Wari, an expansive culture associated with a southern Peruvian state of possibly imperial makeup, was one of two cultures that characterize the period of far-flung cultural sharing called the Middle Horizon. Conklin identified three material peculiarities: first, “the shanks of the pendant cords are wrapped with patterned multicolored thread” (Conklin 1982: 268); second, knotting is less salient and varied: the only knots are multiple overhand knots; third, final plying is uniformly Z. Two more unprovenanced khipus, each small enough to fit in one hand but richly crafted, belong to the same type. Their thread lashings are bright-colored and complexly patterned with color bars and Xs. Both subsidiaries and knots, in contrast, are much less frequent than in Inka examples. Conklin describes a final, large and remarkable thread-wrapped khipu with 100 pendants in groups of five, and 10 different types of subsidiaries hanging from them. Conklin (1982: 277) suggests that the numerical system is base five.
Long before the Inkas, then, Middle Horizon khipu seem to have had a different material constitution. It corresponded to an exalted use, as we know from their treasure-grade craftspersonship. One equally luxurious specimen seems transitional between the Middle Horizon and Inka khipus (Pereyra 1997). The Inkas held Middle Horizon remains in reverence as ‘prototypes’ (dechados; Betanzos 1987 [1551]: 11–13) of their world, and may have viewed thread-wrapping as a sign of archaic glory. If they associated wrapping with remote antiquity they were not mistaken, for this practice appears in textiles of a cultural horizon very much older than even the Middle Horizon: that is, the Chavín or Early Horizon, about 1000 bce.

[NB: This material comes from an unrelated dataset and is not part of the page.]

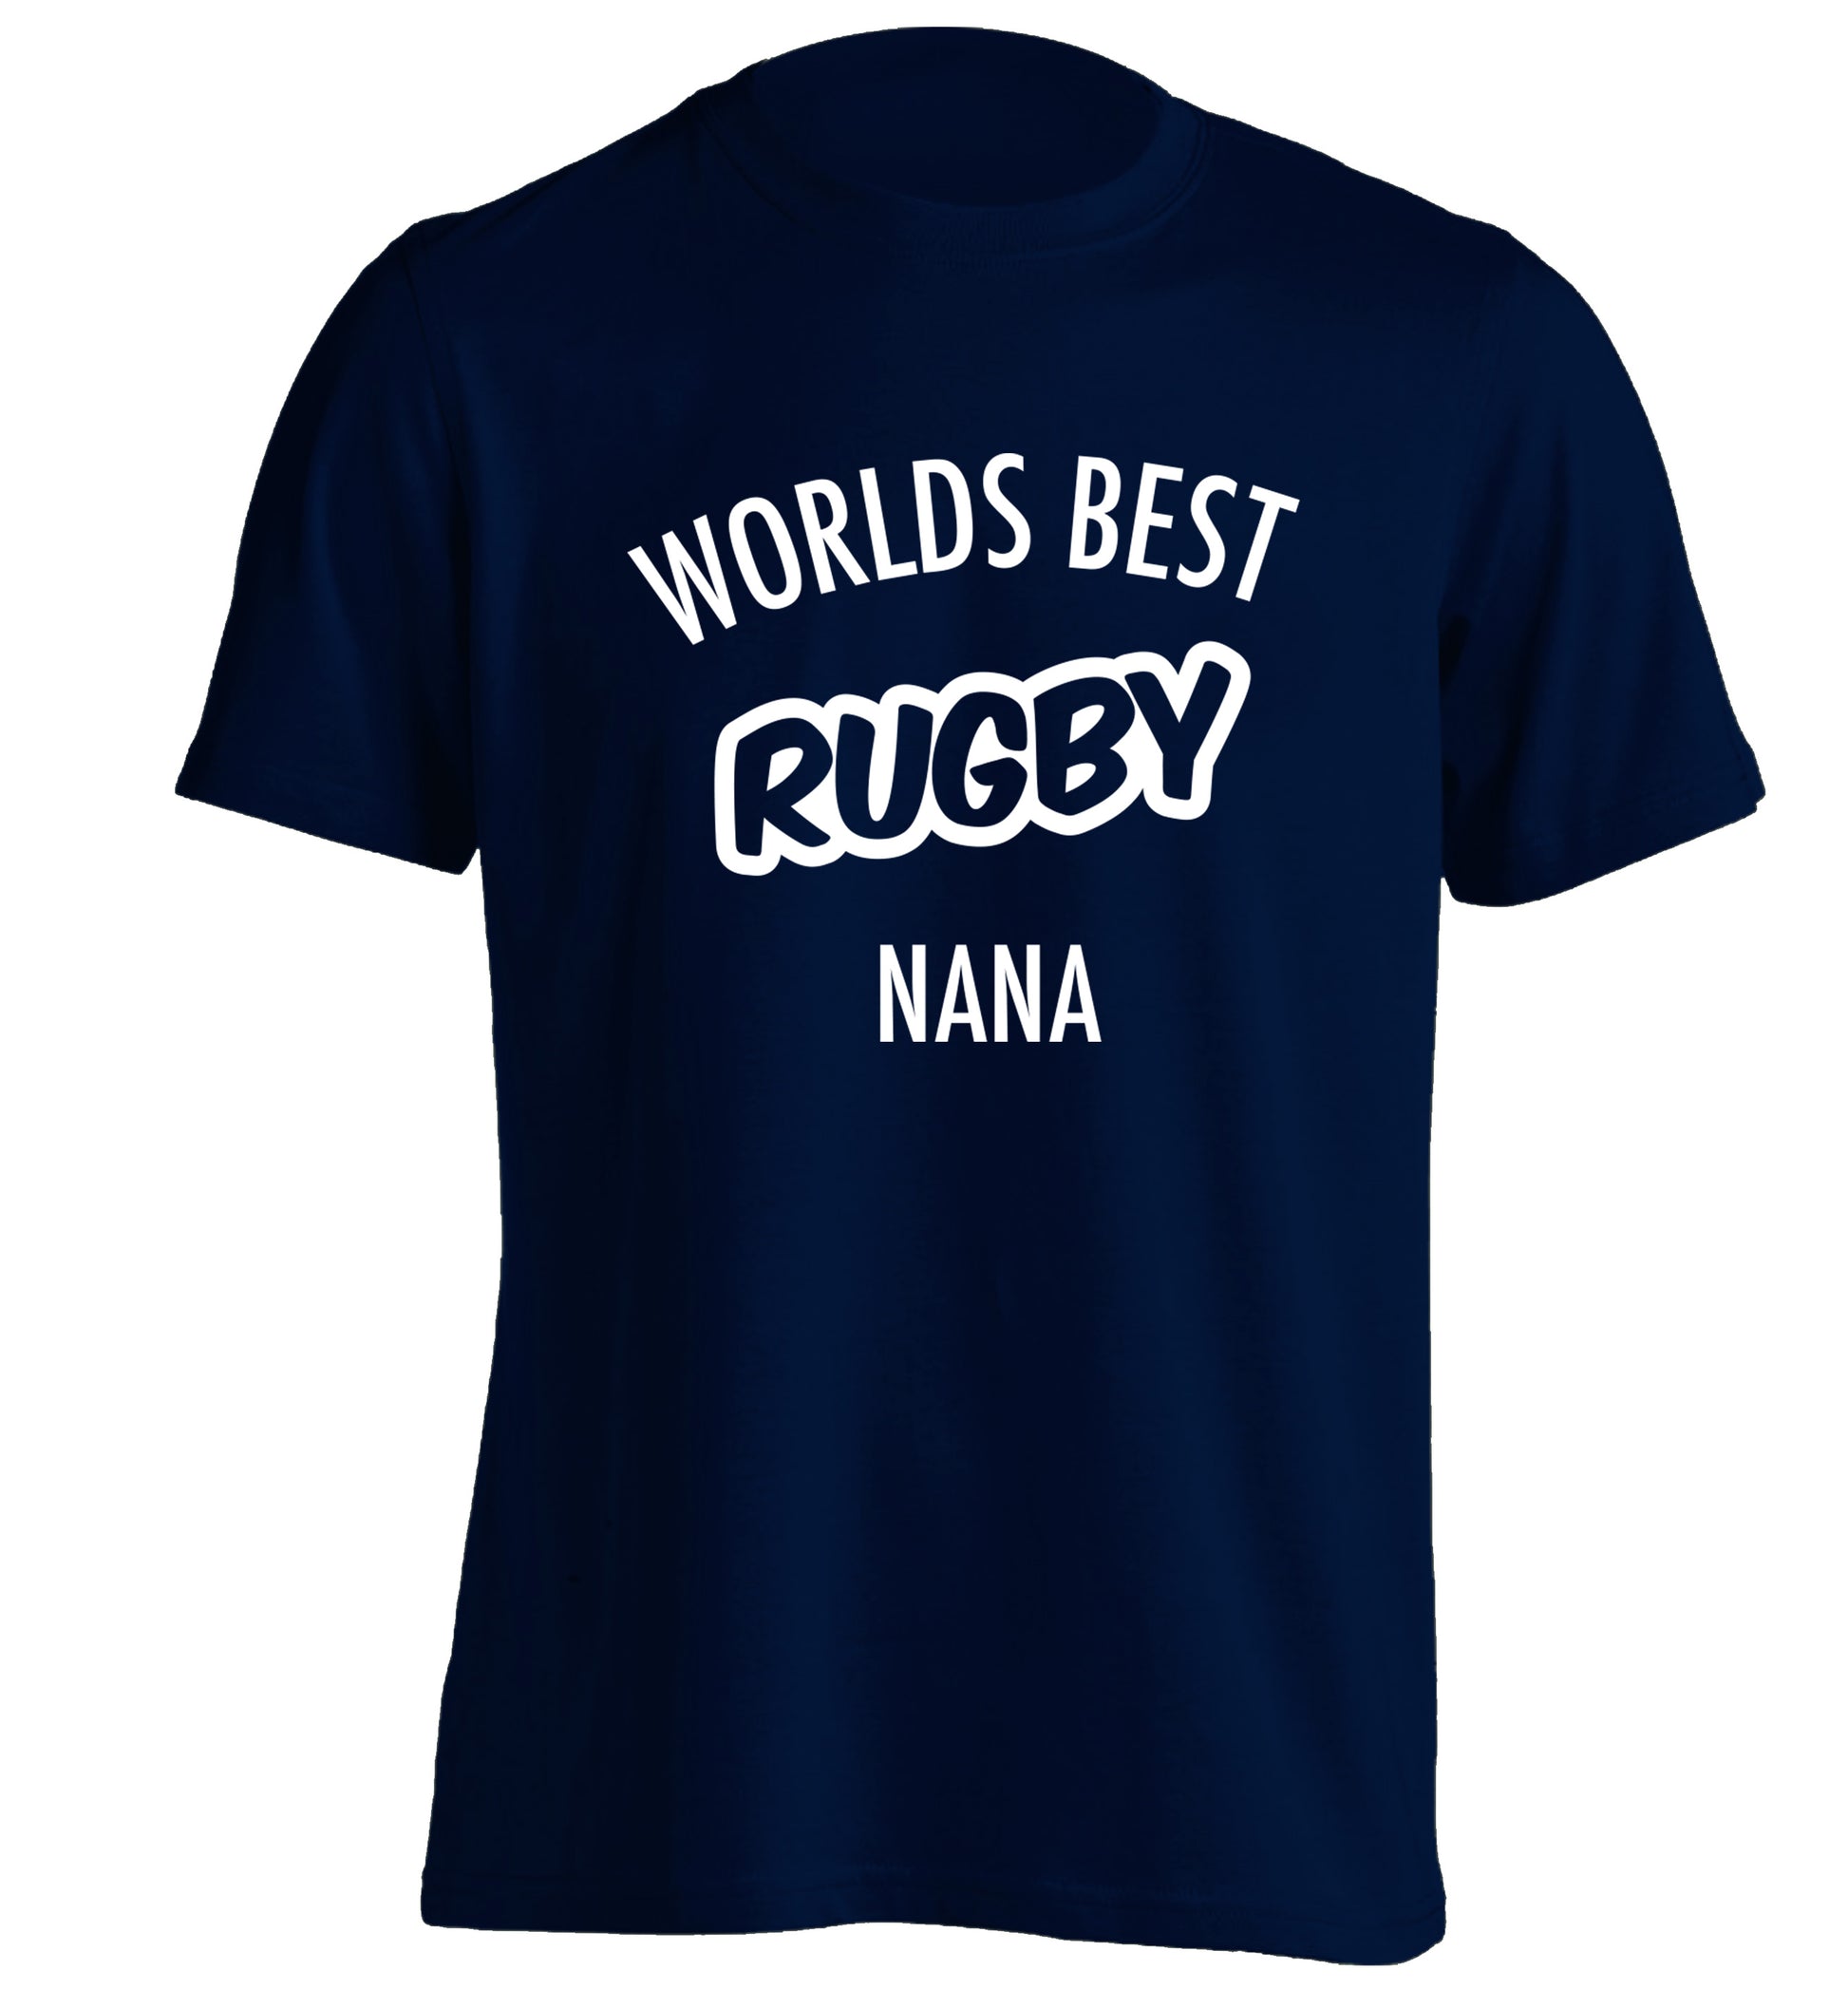 Worlds Best Rugby Grandma adults unisex navy Tshirt 2XL

There is another Andean medium that emphasizes wrapping. Thread-wrapping of sticks had a two-millennium life alongside thread-wrapping of khipus. Jeffrey Splitstoser has studied fourcolor Chavín-influenced wrapped sticks from the Paracas site of Cerrillos (Conklin and Splitstoser 2009; see Figure 8). They accompanied a female burial dating to about 200 bce. Imagery of birds carrying such sticks ranges from Chavín through Middle Horizon chronology. Numerous wrapped sticks of immediately pre-Inka, Inka, or immediately post-Inka times are preserved in museums (see Figure 9). Herrmann and Meyer (1993) have published astonishing images of late prehispanic mummies holding wrapped sticks (see Figure 10).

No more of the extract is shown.